▶ Data provided:
- - -

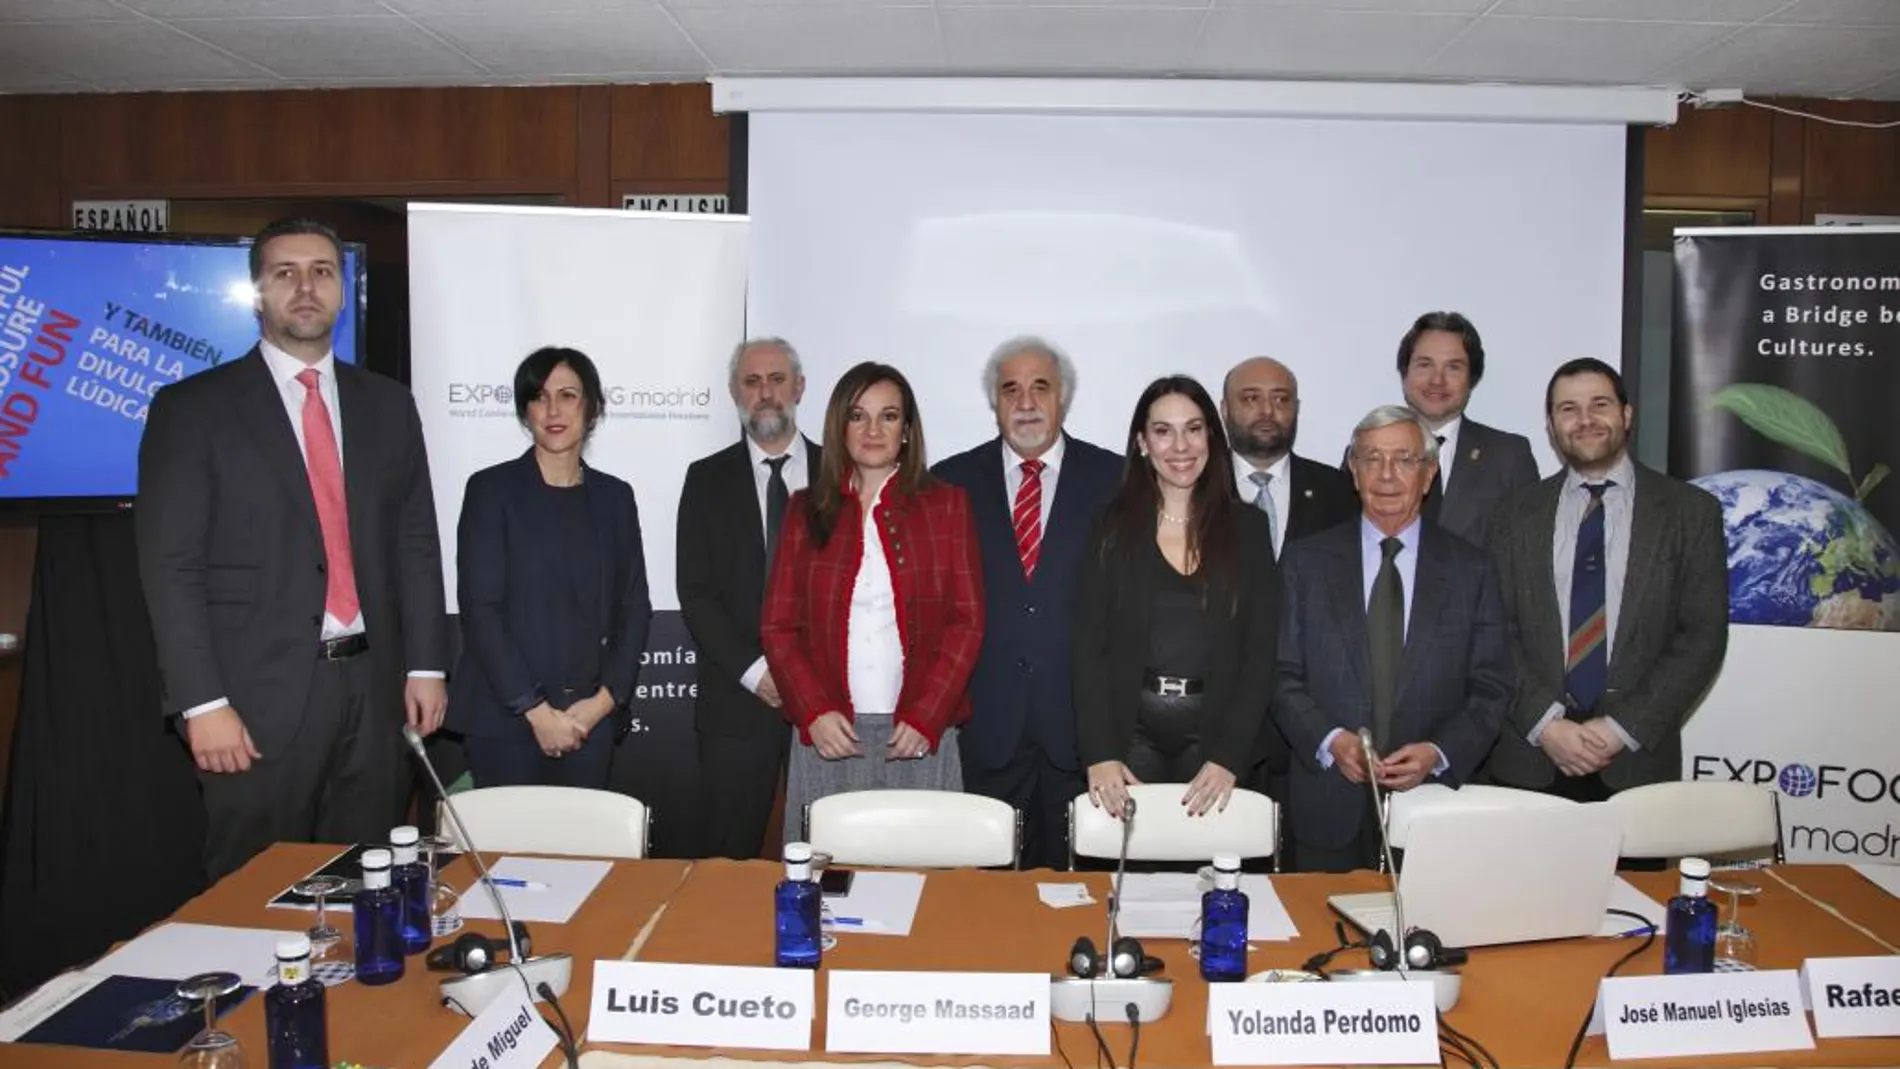 Foto de familia de los panelistas de presentación del Congreso EXPOFOODING Madrid 2016
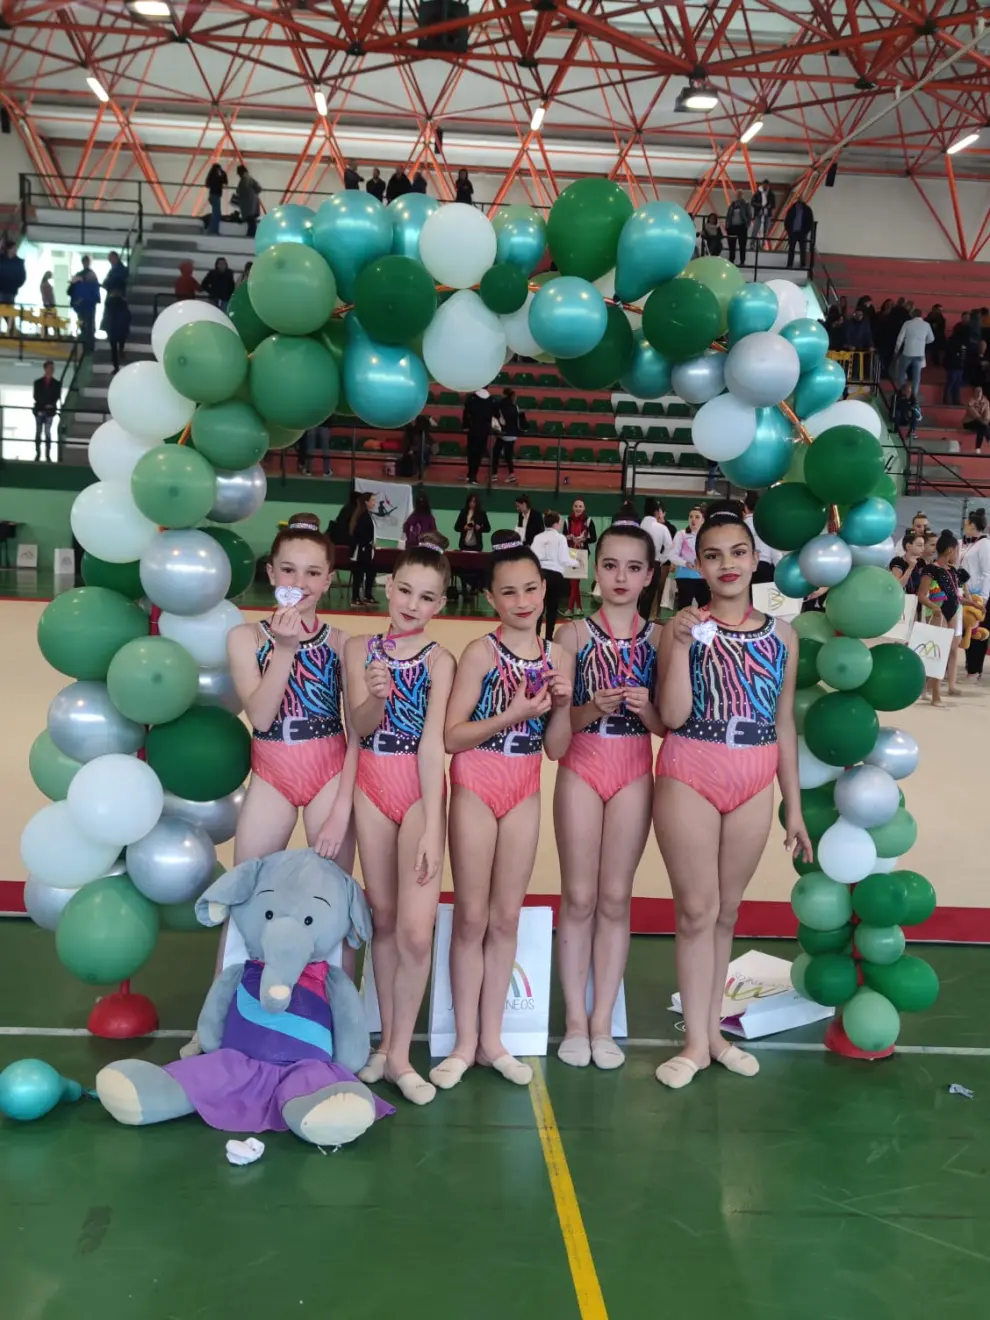 Cerca de 400 gimnastas se dieron cita en el polideportivo Olimpia para disputar el torneo anual organizado por el Club Jacetano GRD.
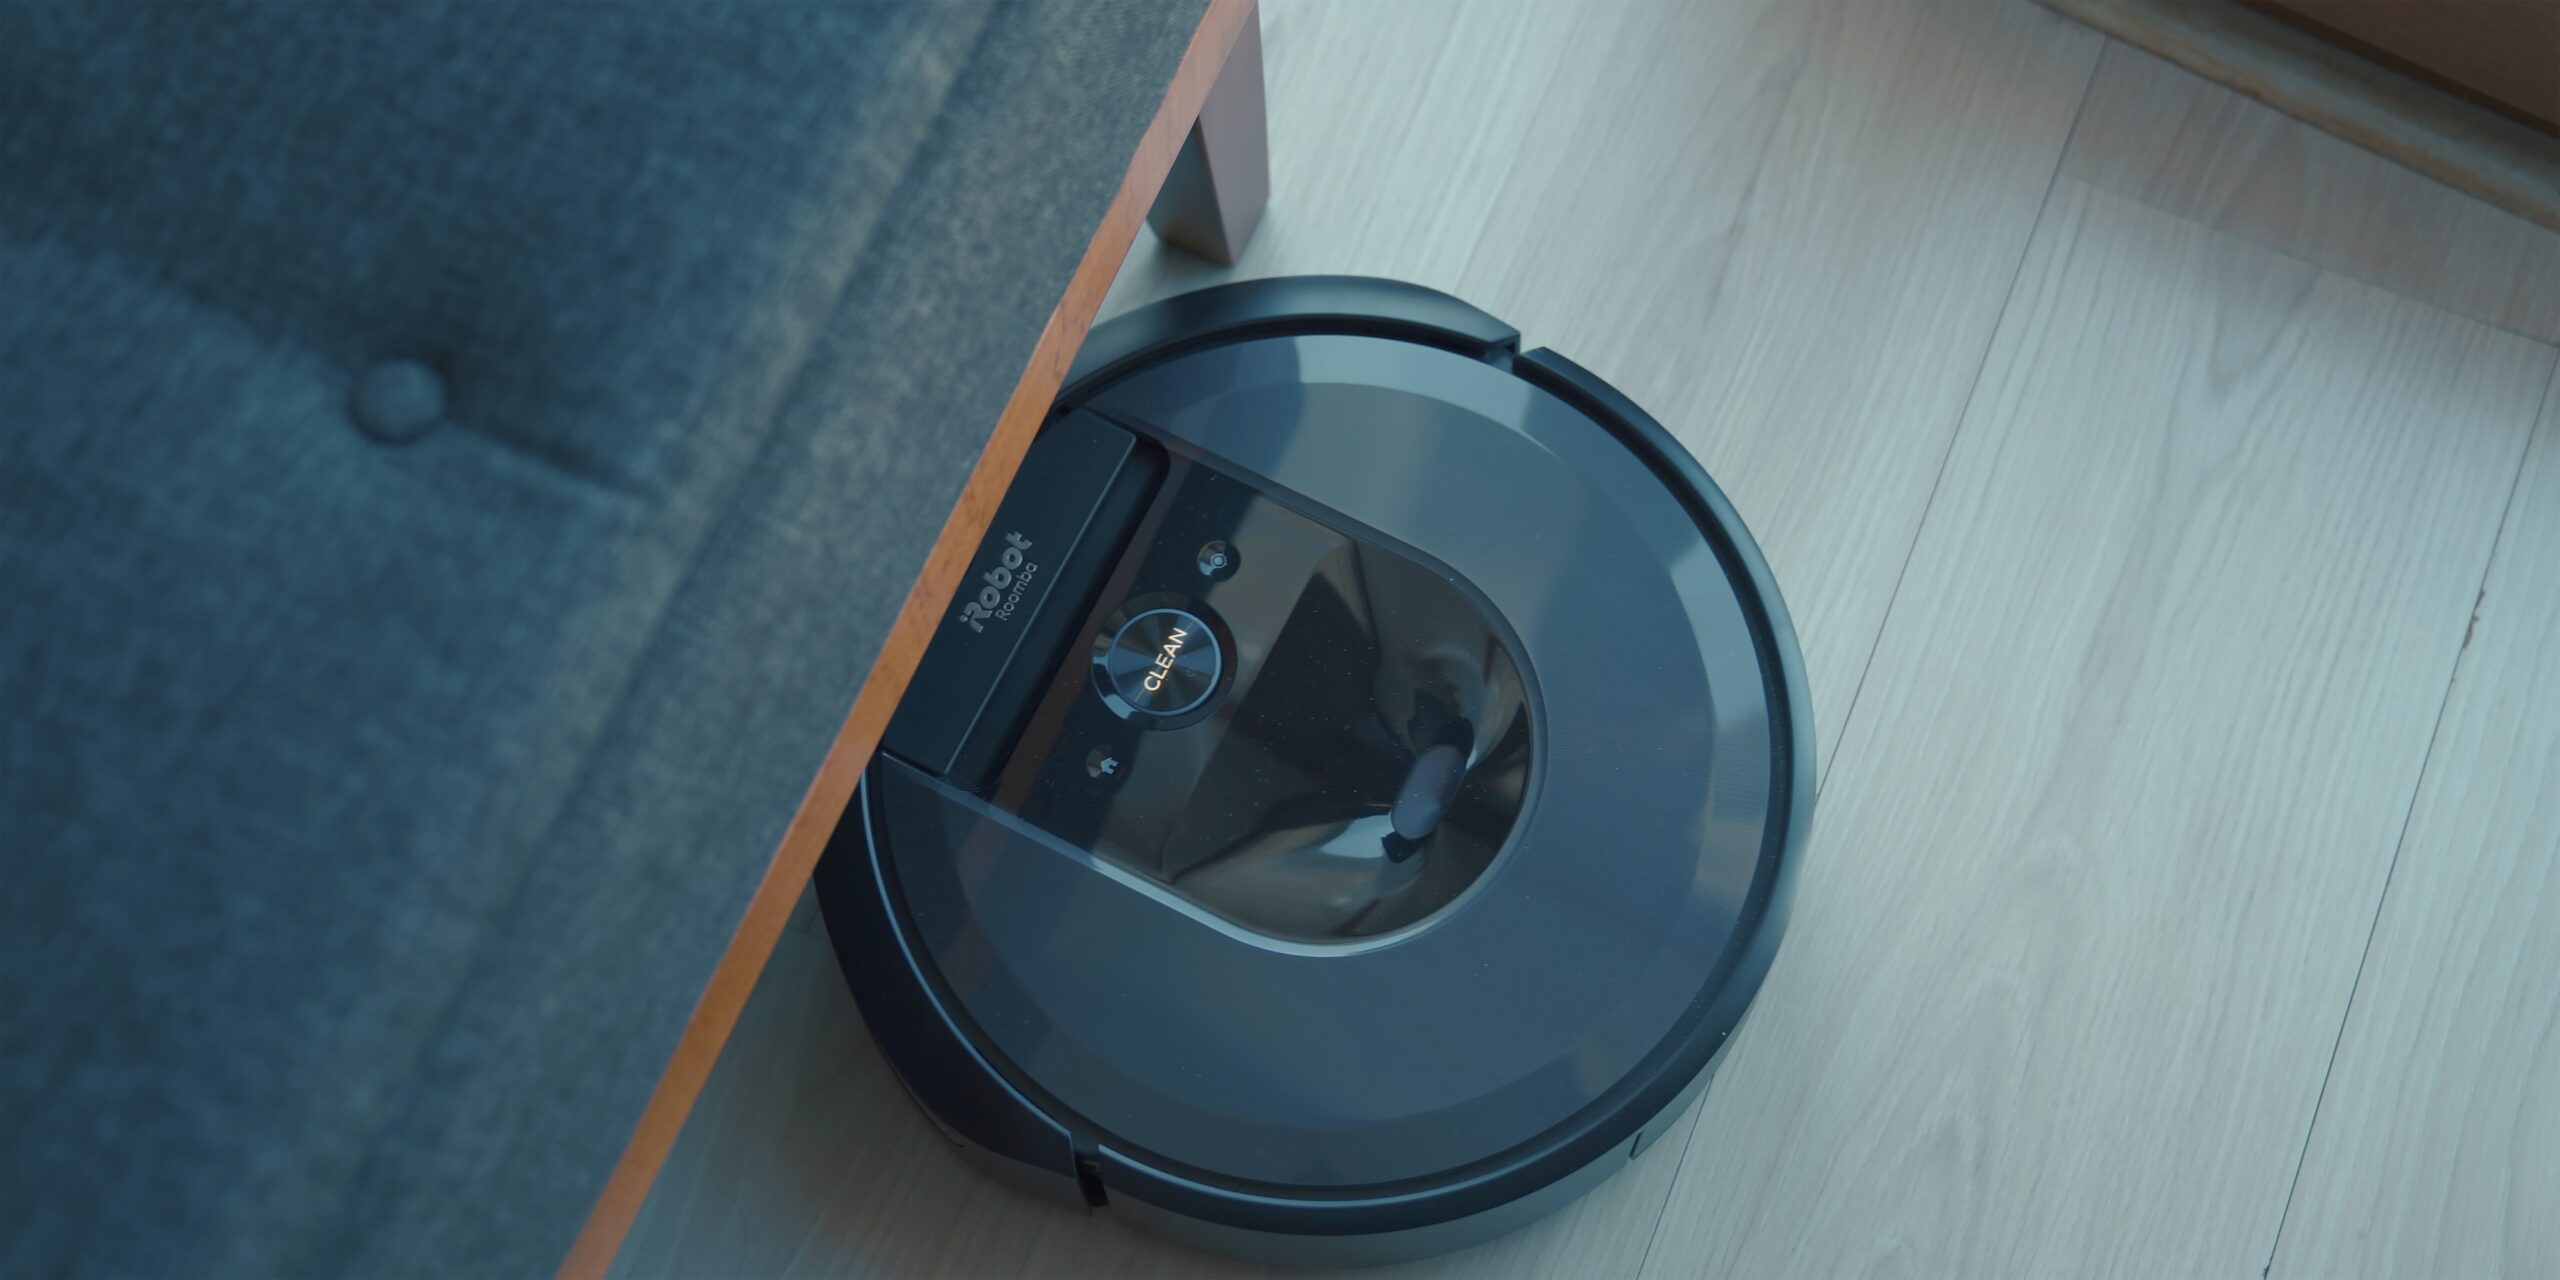 Amazon est sous enquête pour l'acquisition de la société Roomba iRobot, ce qui pourrait conduire à une domination d'Amazon sur le marché de la maison intelligente et entraver la concurrence. Les autorités compétentes enquêtent sur cette acquisition qui pourrait avoir des conséquences sur le marché de la maison intelligente.

- - -

▶ Task goal: Once the pictures are removed, output the remaining material exactly.

▶ Task answer:
 Foto de familia de los panelistas de presentación del Congreso EXPOFOODING Madrid 2016
 Cerca de 400 gimnastas se dieron cita en el polideportivo Olimpia para disputar el torneo anual organizado por el Club Jacetano GRD.
 Amazon est sous enquête pour l'acquisition de la société Roomba iRobot, ce qui pourrait conduire à une domination d'Amazon sur le marché de la maison intelligente et entraver la concurrence. Les autorités compétentes enquêtent sur cette acquisition qui pourrait avoir des conséquences sur le marché de la maison intelligente.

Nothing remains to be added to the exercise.